How this process is done?
Posted

okay, you need to distinguish between
1. building a 1 petabytes data set
Usually, you don't build a single 1 petabytes database by importing a 1 PB file, usually a PB database get built up over time, one small piece a time

2. running an analysis of 1 petabytes data set
Hadoop HDFS (Hadoop Distributed File System) - for example, each slave stores 1TB of the total 1 PB and you want to find Max(x) from this 10PB data set distributed over 1000 slaves (1TB/1PB). Hadoop does this by running Max calculation on each slaves (each on separate machine).
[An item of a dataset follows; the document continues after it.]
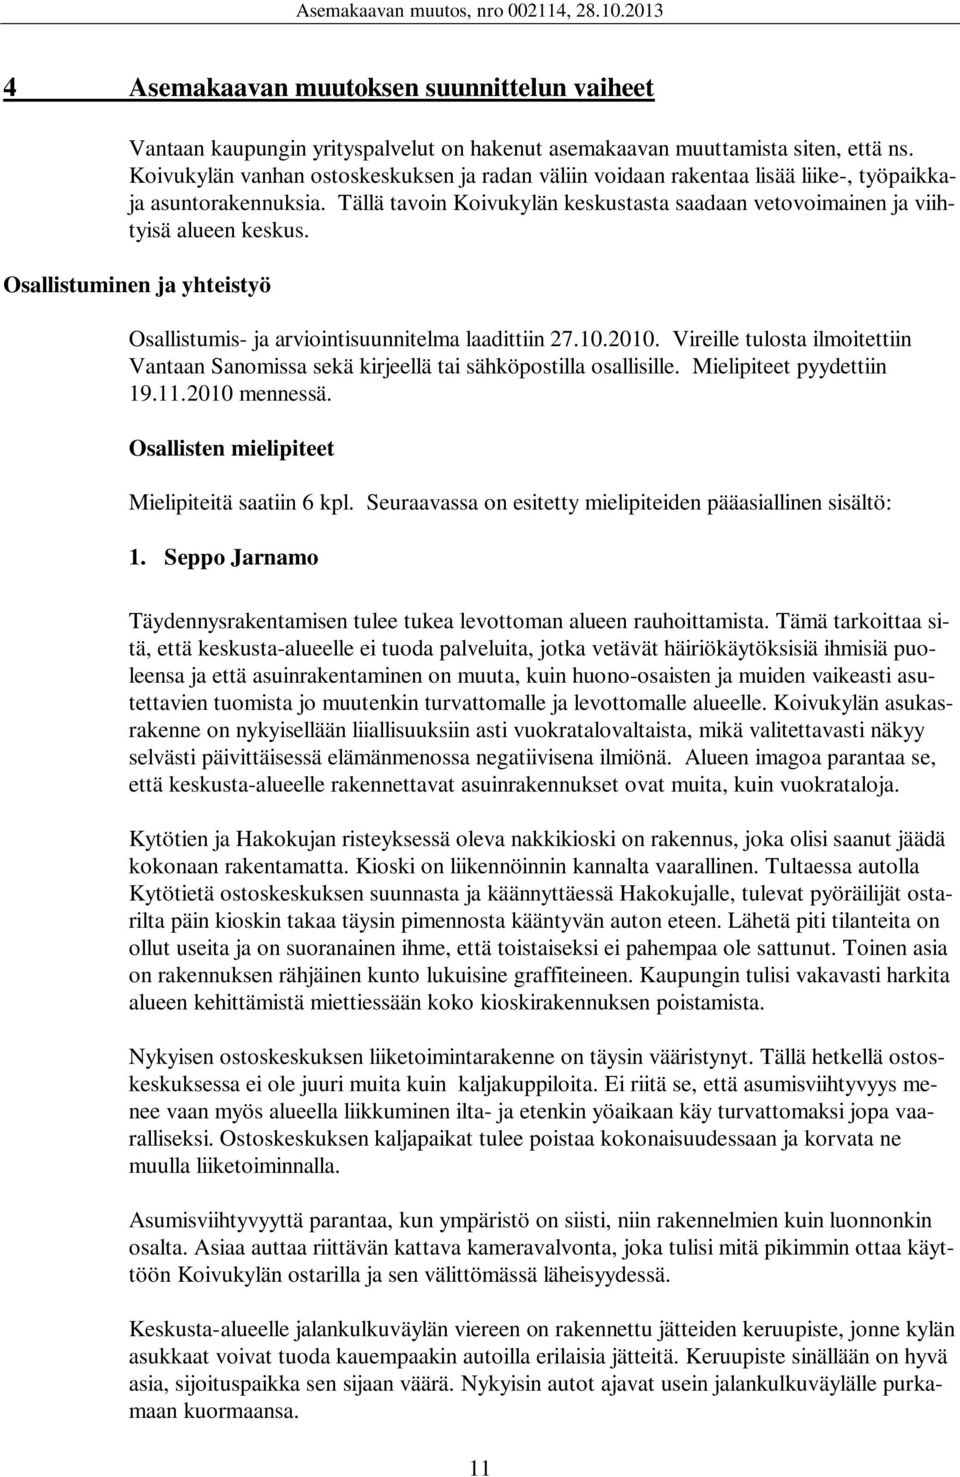 Osallistuminen ja yhteistyö Osallistumis- ja arviointisuunnitelma laadittiin 27.10.2010. Vireille tulosta ilmoitettiin Vantaan Sanomissa sekä kirjeellä tai sähköpostilla osallisille.
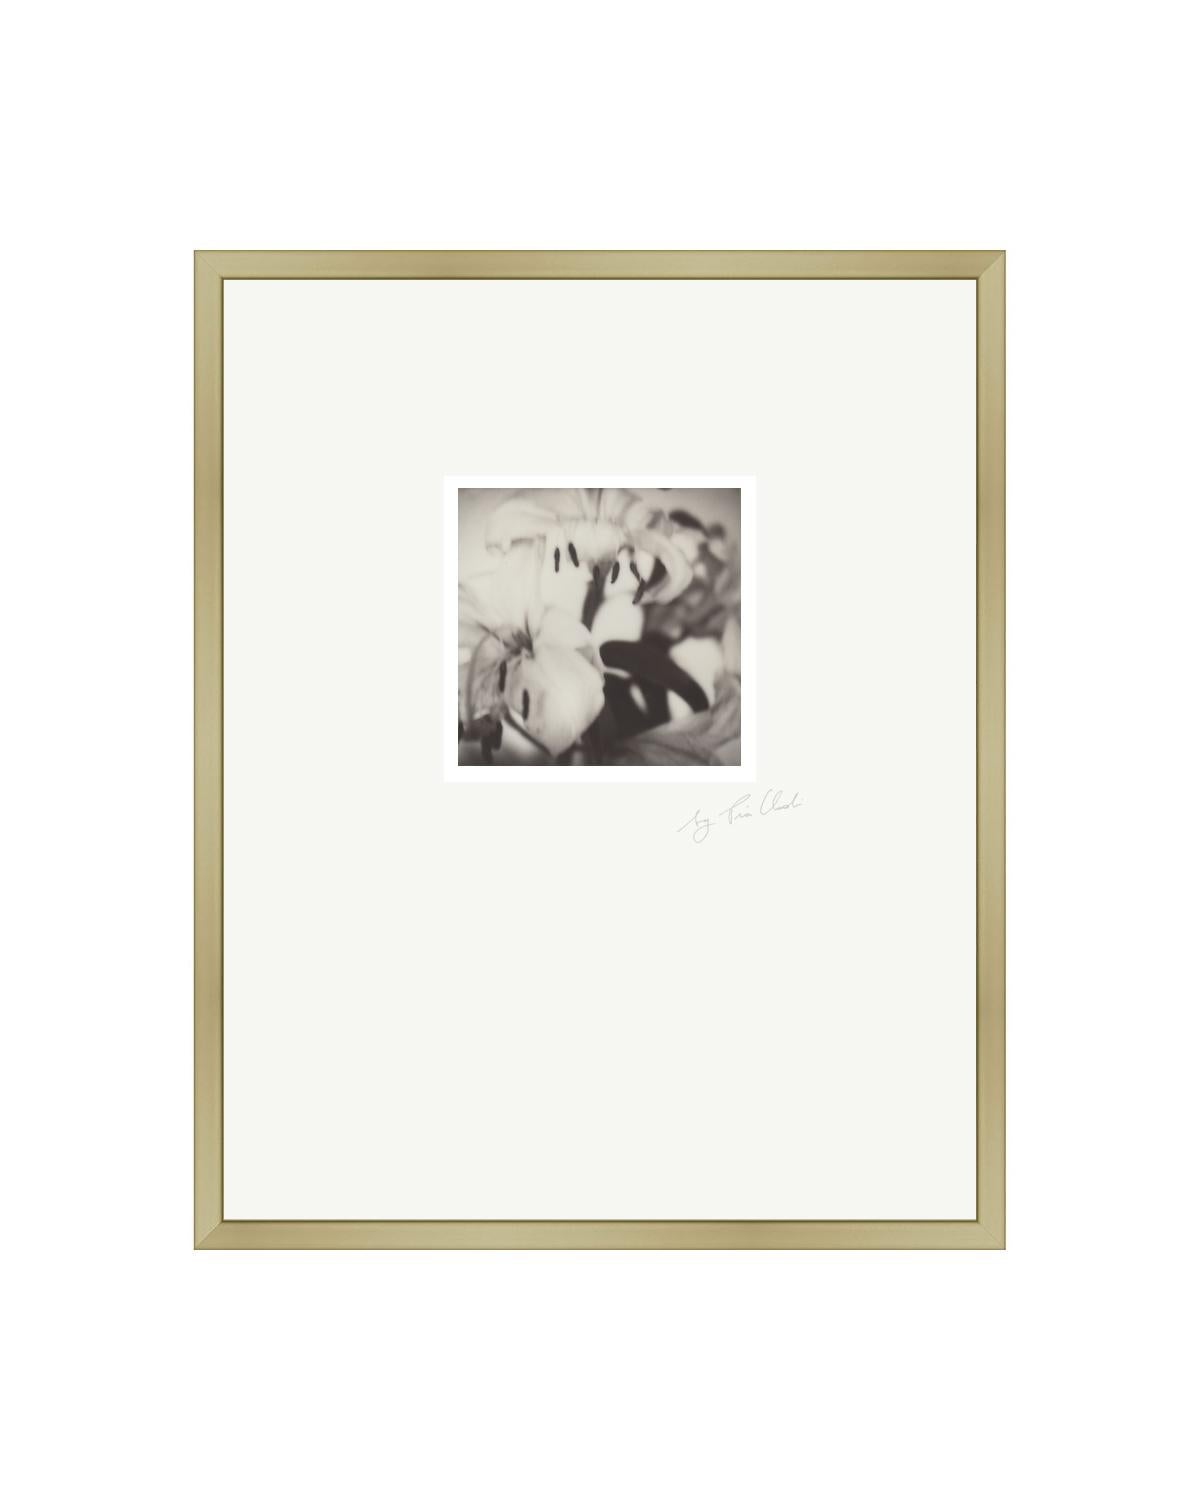 Past Bloom II - Photographie Polaroid contemporaine noire et blanche originale encadrée

Client can run a separate "max" computation over ten results (max of 1TB) from 1000 slaves. This way, you don't ever need assemble the entire 1PB in memory.

This makes Hadoop very/lineraly scalable.
 
Share this answer
 
Comments
CPallini 21-May-18 9:21am    
5.
May be this link could help you
http://www.youtube.com/watch?v=ziqx2hJY8Hg[^]
 
Share this answer
 

This content, along with any associated source code and files, is licensed under The Code Project Open License (CPOL)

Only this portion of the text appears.